The ground has hosted several World Cup matches as well as Champions League finals and is known to have a unique feature for the spectators. This ground has a similar eye symmetry to any part of the stadium, which provides maximum visibility.
7. Soccer City, South Africa
The First National Bank Stadium was renovated and expanded before South Africa hosted the World Cup in 2010. With a magnificent look and a huge capacity of around 95,000 spectators now, the stadium hosted several crucial matches of the 2010 World Cup, including the finals played between Spain and the Netherlands, where, after a long struggle, Andres Iniesta found the back of the Dutch net.

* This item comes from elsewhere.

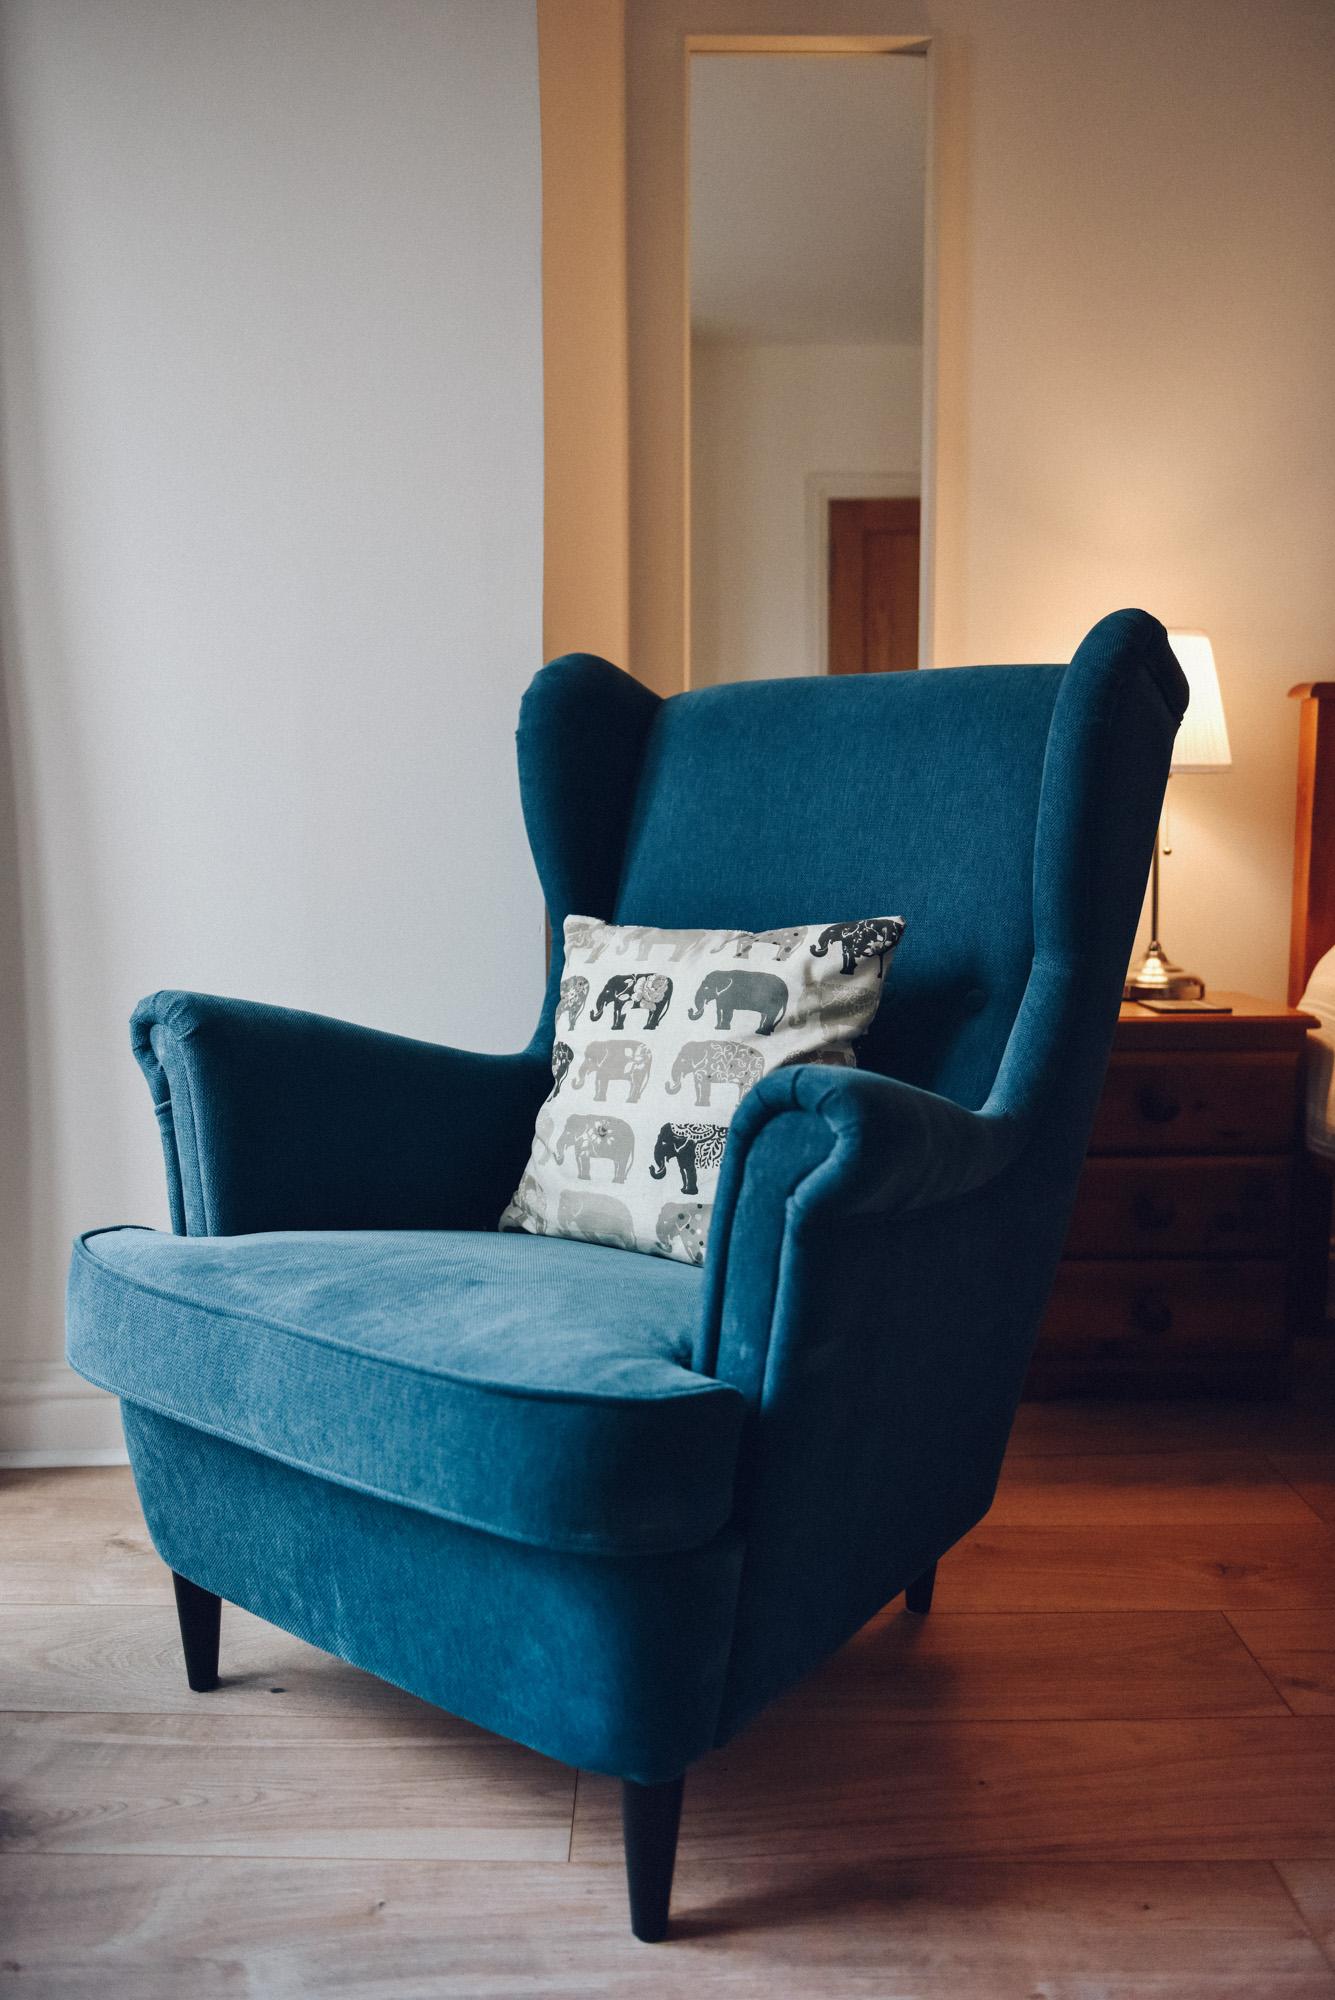 Armchair in bedroom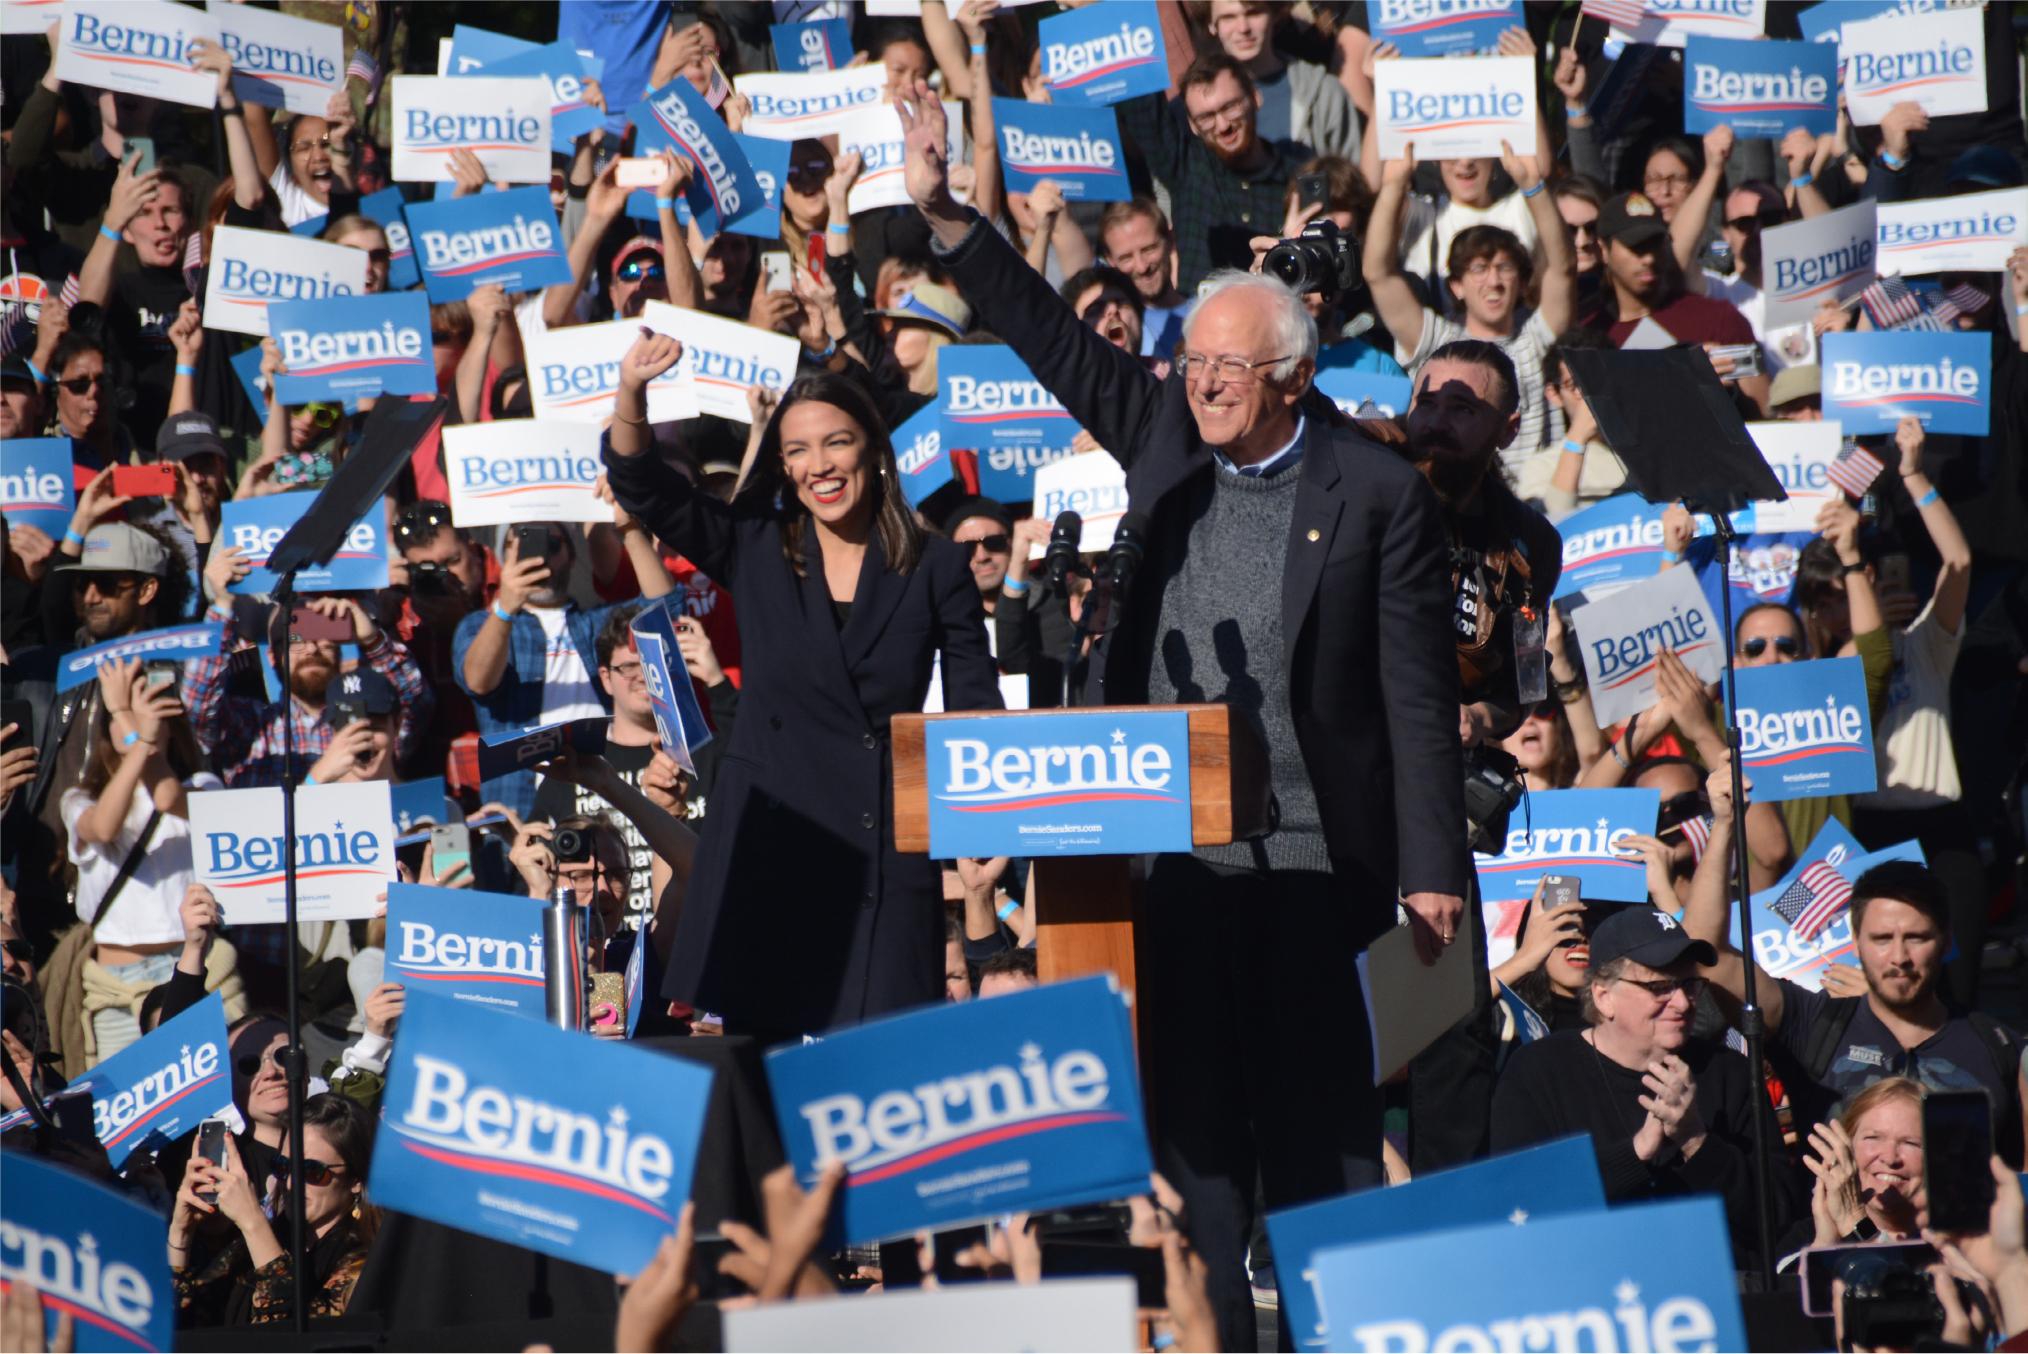 写真・図版 :  聴衆に手を振るバーニー・サンダース上院議員(中央右)と、同氏への支持を表明したアレクサンドリア・オカシオコルテス下院議員=2019年10月19日、米ニューヨーク市

6. Maracana Stadium, Brazil
Among the several iconic grounds, one can not leave the historic grounds of Maracana, as to date it remains the only ground recording that has exceeded attendance on multiple occasions, as many as 26 times. The largest attendance came back in the 1950 World Cup final, where Brazil was defied a win by Uruguay in front of the still-standing spectators and a large audience comprising Brazilian fans.
Also, it again shocked the world with the 2014 Germany vs. Argentina World Cup final, where Messi and co. were denied their World Cup glory by the ultimate extra-time goal from Mario Gotze.
5. Anfield Road, United Kingdom
Unlike the other stadiums in this list, this ground does not include iconic World Cup matches or record-surpassing attendance; however, it remains the most known grounds of modern football as this has been the ground for one of the most successful clubs in football recently, which is Liverpool. As Jurgen Klopp and co. have pulled wonders on this track, the dugouts have proven to be far more electrifying than their present audience capacity, which is nearing 61000.
4. Santiago Bernabeu Stadium, Spain
The iconic stadium hosts games as the home stadium for Real Madrid, one of the most famous top-level teams in world football. Home to famous talents from Puskas to Zidane and CR7, the stadium is often shadowed by Camp Nou’s capacity.
With a capacity of 85,000, the ground is Spain’s 2nd largest football stadium, which was the first stadium in Europe to have hosted both a UEFA Euro final and a World Cup final as well.
3. Wembley, United Kingdom
Undoubtedly, Wembley is one of the most beautiful grounds in modern-day football. With a huge capacity of 90,000, the ground, since it was rebuilt in 2007, has witnessed several FA Cups as well as multiple Champions League matches and finals.
Widely known to have hosted the Olympic final games of 2012 and even several athletic games Wembley Stadium is nowadays usually referred to as the “The Home of Football.”.
2. Camp Nou, Spain
The home of the legendary football club Barcelona is Spain’s and Europe’s largest stadium, as well as the second-largest football stadium in the world. The ground’s huge capacity makes it one of the wonders of the world, with a planned seating capacity exceeding 105,000. The ground has witnessed almost the entire career of generational GOAT – Lionel Messi.
1. Allianz Arena, Germany
Known as FC Bayern Munich’s home stadium, the ground had a capacity of over 70,000, as it is the second largest stadium in Germany. However, despite being the second-largest stadium, it is the most popular one as it hosted the 2012 Champions League final and is also the declared venue for the 2025 Champions League final after it was shifted from 2023. This ground also witnessed the 2006 FIFA World Cup. The stadium is one of the world’s greatest stadiums and is widely known for its electrifying atmosphere.